I’ve nothing against the BSDs. I’m fine with permissive licensing. And I was a Unix advocate for 8 years before I had even *heard* of Linux. But reality is reality. And I have to use what *works* for my clients. BSD could greatly benefit from some marketing savvy.

2007-10-26 10:05 am

Oliver
>Just read the FreeBSD-performance list, there are still cases where the “old” 4BSD scheduler performs better.

Just read it first before trolling around! Some bugs, nothing more, nothing less.

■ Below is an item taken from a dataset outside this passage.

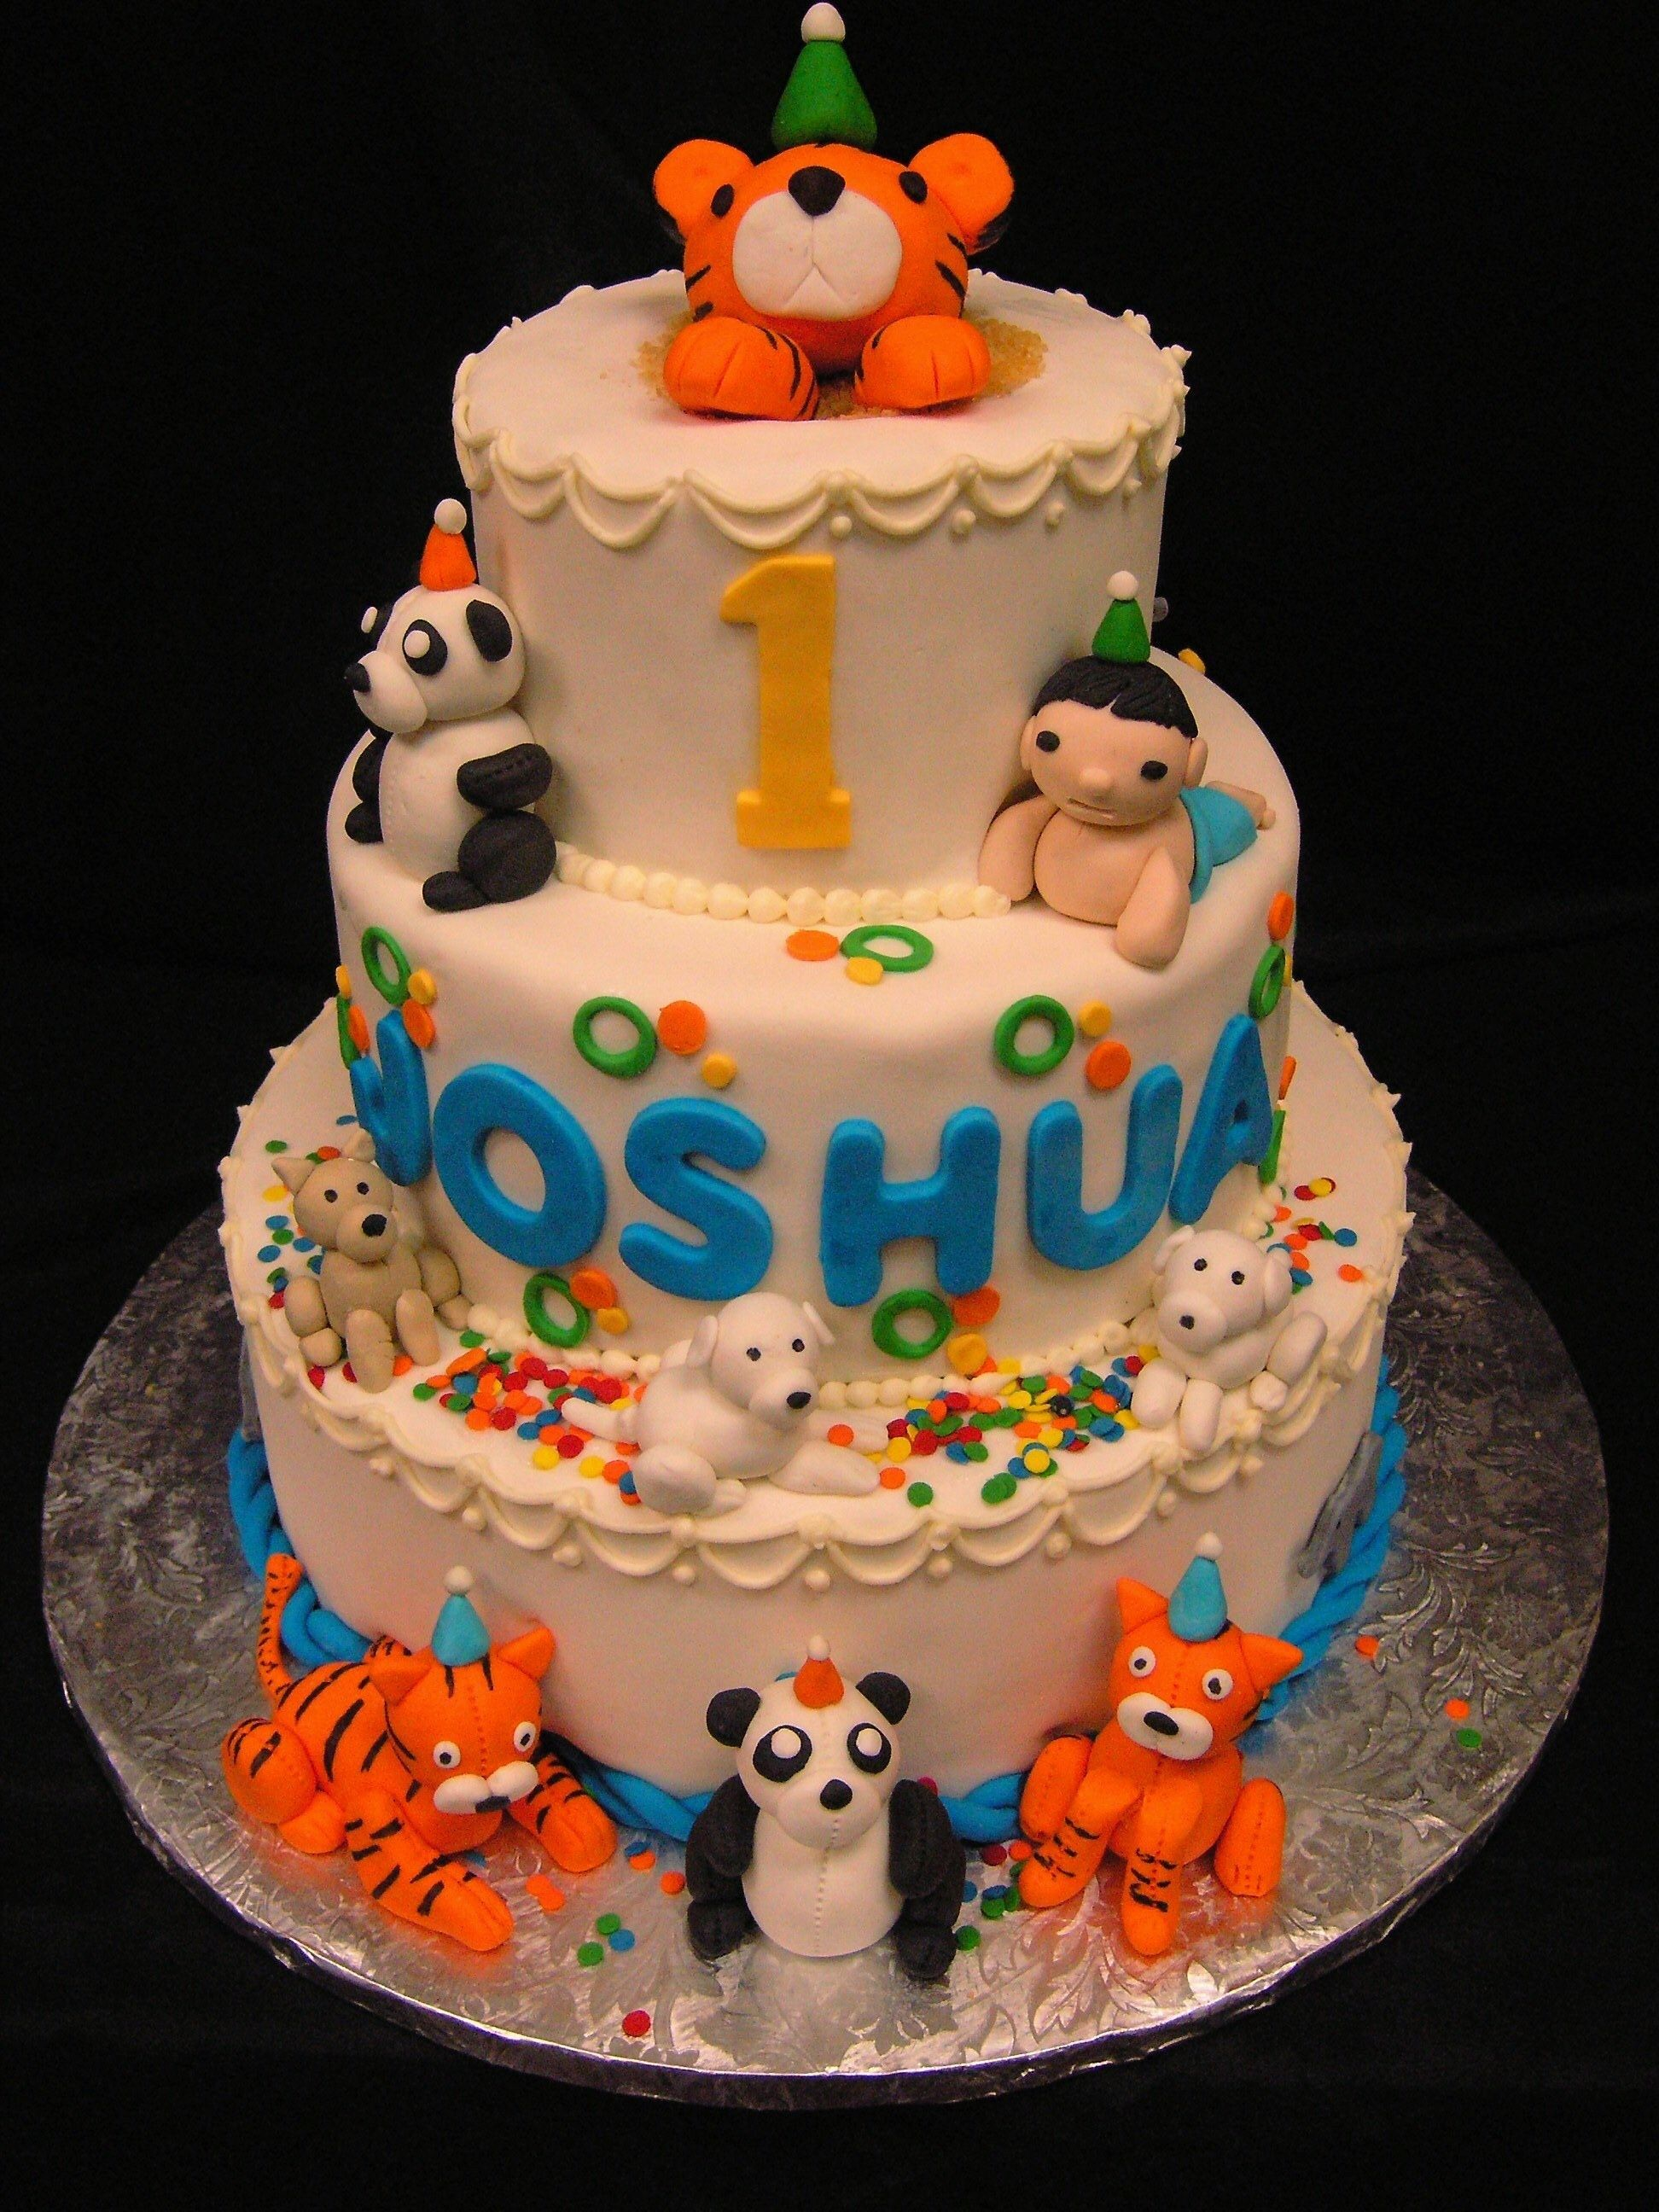 21 Great Photo Of 3d Birthday Cakes Birijus Com 3d Birthday Cake Diy Birthday Cake Cake

>Remember that CFS is still quite new.

Remeber this too for FreeBSD.

>the latest development code of the scheduler (most of which was merged for 2.6.24) already had some improvements.

Dear Linux zealot, the benchmarks were even in discussion on the LKML and lead to some positive development (your nice patches for CFS).

>Linux has been ahead (performance wise) for so many years

Yeah maybe in your very dreams. At high load Linux sucks for so many years (don’t mention the 2.4 crap at all), even today with the latest CFS. Linux generated some hype about peaks and couldn’t deliver a stable environment in terms of performance at high load. Linux is working with hype and error permissiveness, *BSD is working with quality and reliability in mind. So next time do your home work first. Btw. for all of these benchmarks always the latest patches were used, sometime with support of the Linux community from LKML.

2007-10-26 6:50 pm

adkk
> Just read it first before trolling around! Some bugs,

> nothing more, nothing less.

Well, I guess you could say the same about CFS then? That there are still some bugs and once they get fixed it’ll perform better.

> Dear Linux zealot, the benchmarks were even in

> discussion on the LKML and lead to some positive

> development (your nice patches for CFS).

Not quite true. Someone posted Jeff’s latest results on LKML (Jeff was using 2.6.23) and then Ingo redid the benchmark with the latest development code for CFS and the results were better.

> Yeah maybe in your very dreams.

Please take a look at this:

http://people.freebsd.org/~kris/scaling/7.0 Preview.pdf

As you can see at page 11, FreeBSD 5.5 didn’t scale at all, version 6.2 did a little better, but only for very few threads. 6.2 is still the stable version and Jeff published his first benchmarks of the new ULE scheduler in the beginning of 2007.

> Linux is working with hype and error permissiveness, > *BSD is working with quality and reliability in mind.

Yeah right… the old urban legends again. Linux is all crap and BSD is pure quality!

> Btw. for all of these benchmarks always the latest

> patches were used

You are wrong again. Jeff was using 2.6.23 and testing it against bleeding-edge FreeBSD, even though Ingo’s development branch of CFS had lot’s of improvements.

2007-10-25 7:48 pm

tyrione
Debian still doesn’t have 2.6.23 even in Experimental.

2007-10-25 8:11 pm

Oliver
Of course, they are always somewhat behind

2007-10-26 1:54 am

adkk
Well the problem with this particular benchmark is another thing. Who has access to an 8-way SMP machine? I guess most of the core-kernel hackers (which includes Ingo) work from home. So he has to call someone at Redhat to test his patches on a big machine. Usually you have to reserve your spot in advance (it was like this when I did an internship at IBM). At least thats what I would think. So it’s not that easy to validate the benchmarks.

2007-10-26 4:32 am

bnolsen
$1500 and you can build one with 8GB ram.

$2000 and you can buy one from dell with 8GB ram

That’s the price of desktop machines 10 years ago.
2007-10-26 9:55 am

Oliver
Most Linux Kernel Hackers are working maybe at home, but they are working for a company (more than 60% of the kernel development is done by companies). Last not least the benchmarks were in (positive) discussion even at the LKML. It’s obvious that most people in this comments don’t have any clue what they’re talking about, so it will always end in a flamewar.